DM: Mr. Dobrodeev, our country has never had it easy. I am absolutely convinced this has formed our national character. The fact that we live in a large country in very harsh climatic conditions where one often has to perform acts of bravery to provide for absolutely basic needs: it is cold, it is hard to grow crops… all these things, including wars and social cataclysms, have been forming our national character over the centuries. So I believe it would be absolutely wrong to say that the events of the last 150 years have radically changed our people’s attitude to life or undermined their will to live. Had it been so, we would have lost World War II, we would not have revived the country and we would not have been able to manage the new state either.
It was a really difficult and dramatic period, when our country changed. Parts of our former territories became territories of other states. Families and contacts fell apart. The economy collapsed. It looked like subsequent events would crush us. But this did not happen. We managed to remain standing. We started developing. After all, we are living better now than 10 or 15 years ago. We are capable of tackling some really large issues. We do have many problems but we are capable of meeting our challenges.

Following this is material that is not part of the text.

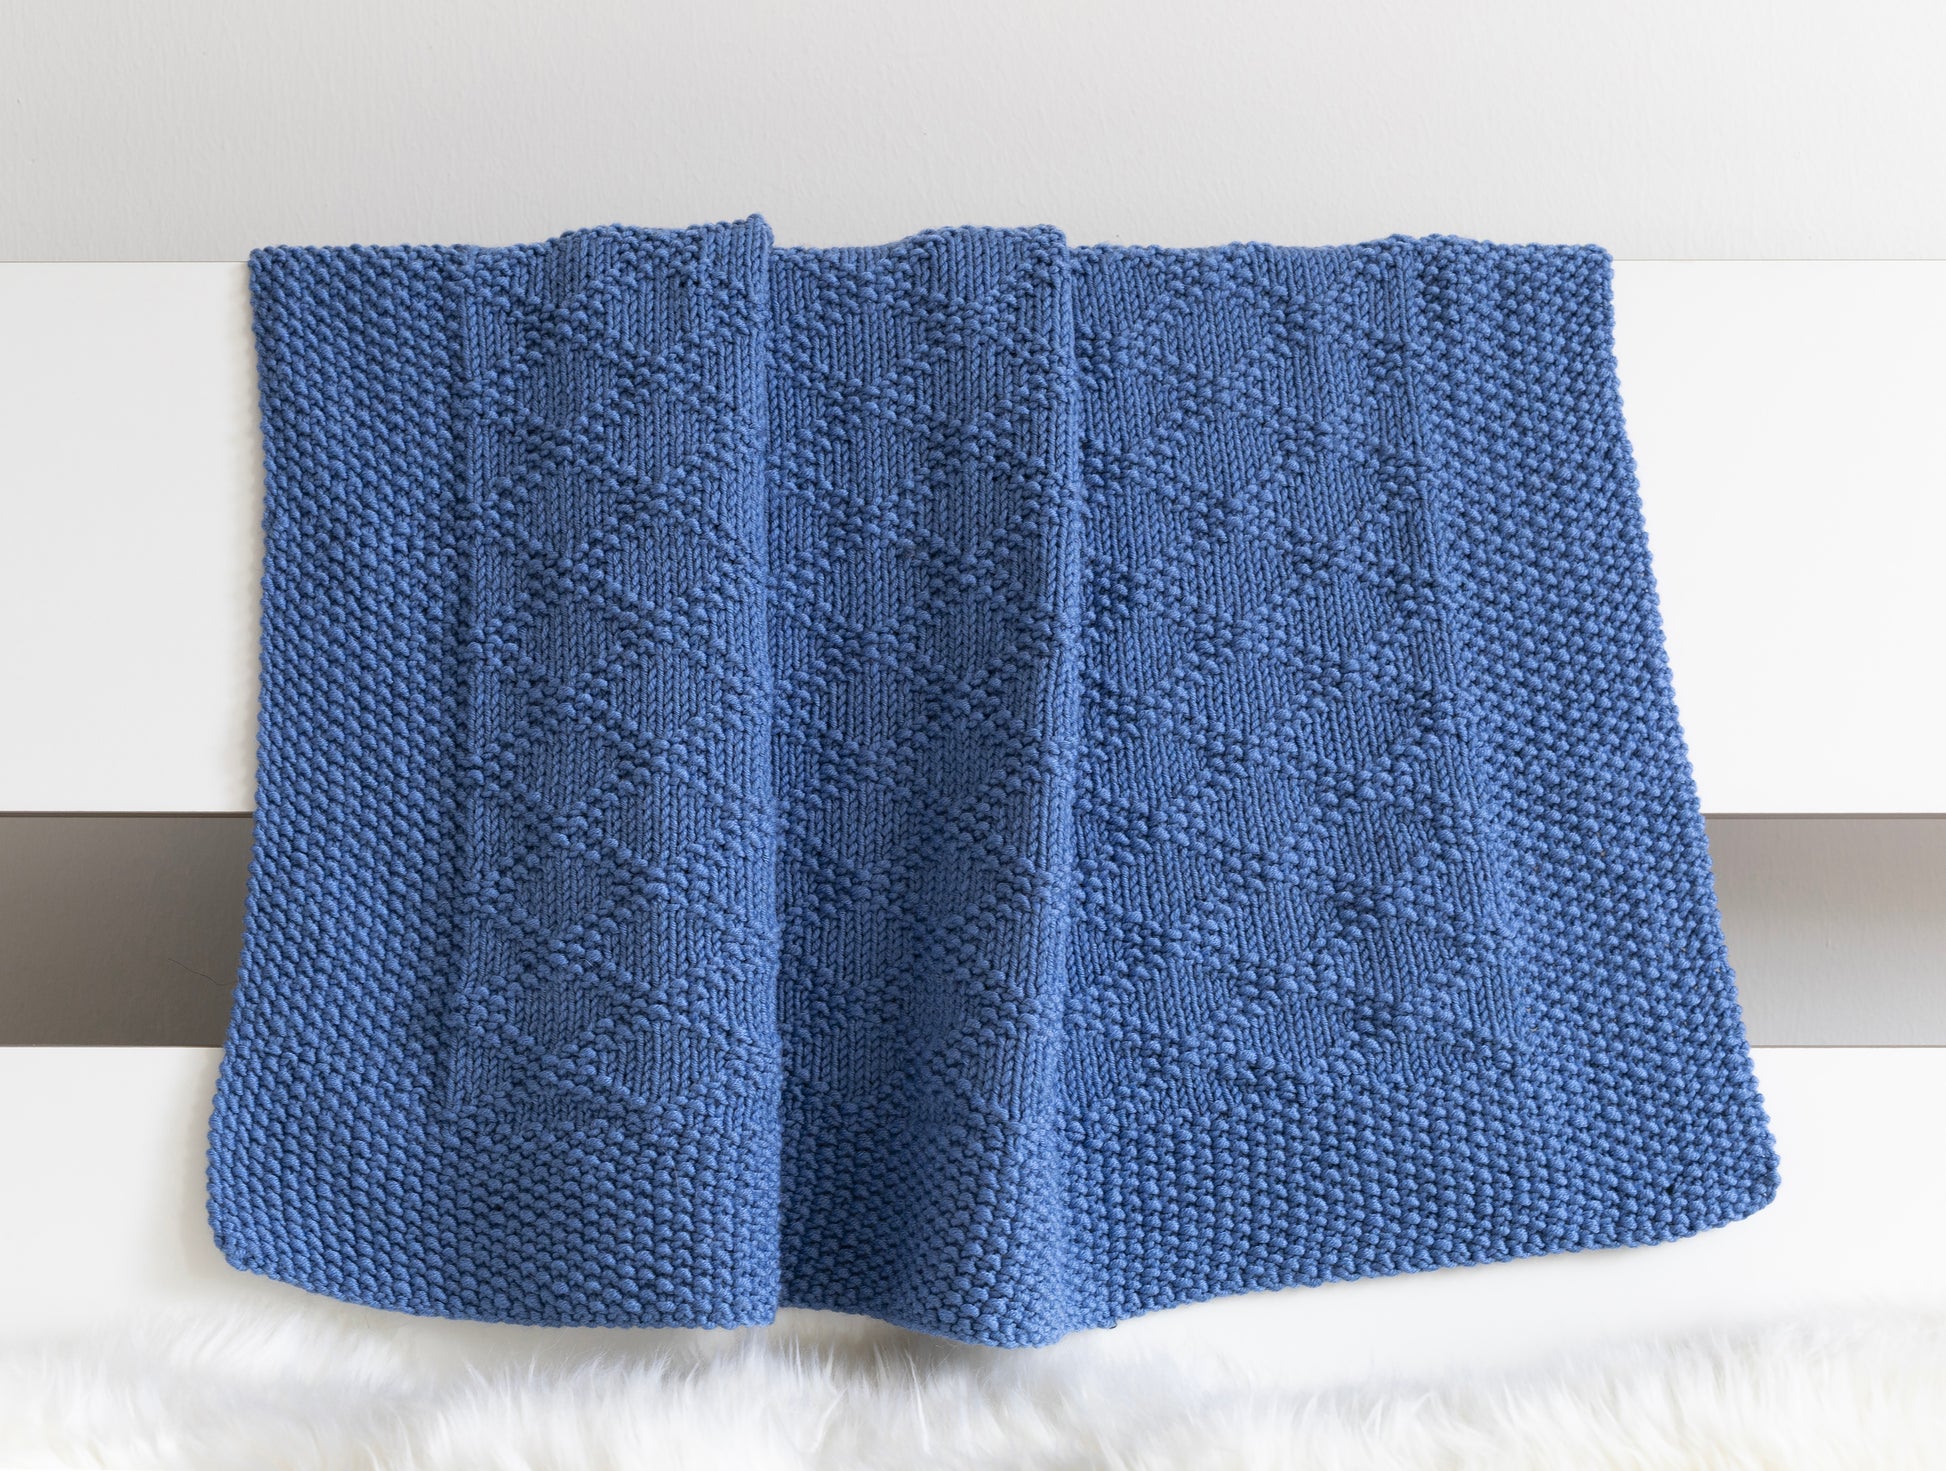 Blue merino wool hand-knitted baby blanket in Charles Brocade knitting pattern

Therefore, I am convinced that our national character, our willpower and our energy have not changed.
KE: Mr. President, prior to becoming the president, you have always had a very special relationship with Mr. Putin. Has it changed in any way now? What’s your relationship like at work and beyond?
DM: We still have a special friendly relationship. It has not changed, and I am convinced it will not.
VK: Mr. President, the change in The White House became one of the key events of the year with the arrival of a new president, a fascinating and intriguing one in many ways. How is your relationship developing with him? Have you developed mutual trust and understanding?
DM: Indeed, I talk with the new US president quite a lot. I believe he is a strong politician and a fascinating man. It is easy for me to communicate with him. He knows how to listen and to respond to arguments. We have often heard Americans say: “We hear your opinion but we have already decided everything.” Well, he doesn’t talk like that. This in itself deserves a positive evaluation. The US remains the largest economically developed state on our planet. However it has its share of difficulties.
Working with President Obama is pleasant, and we have developed a trusting relationship. I hope everything will go well in the future too.
VK: So what has been causing such a delay with the new START treaty? Are the Americans pressurizing you? What is your response? Or perhaps you are pushing them? And what is their response?
DM: This is a very difficult issue. This is not a simple contract between two small companies that can be drawn up in 15 minutes. This is a treaty that lays the foundation for the reduction of strategic offensive potential for the two largest nuclear countries! We have indeed been progressing very rapidly. We’ve settled practically everything.
How is it happening? It is happening almost in the way you have said. In some areas we are pushing our partners and telling them certain things are unacceptable for us. In other areas, they are pushing us. This is a normal process of negotiation.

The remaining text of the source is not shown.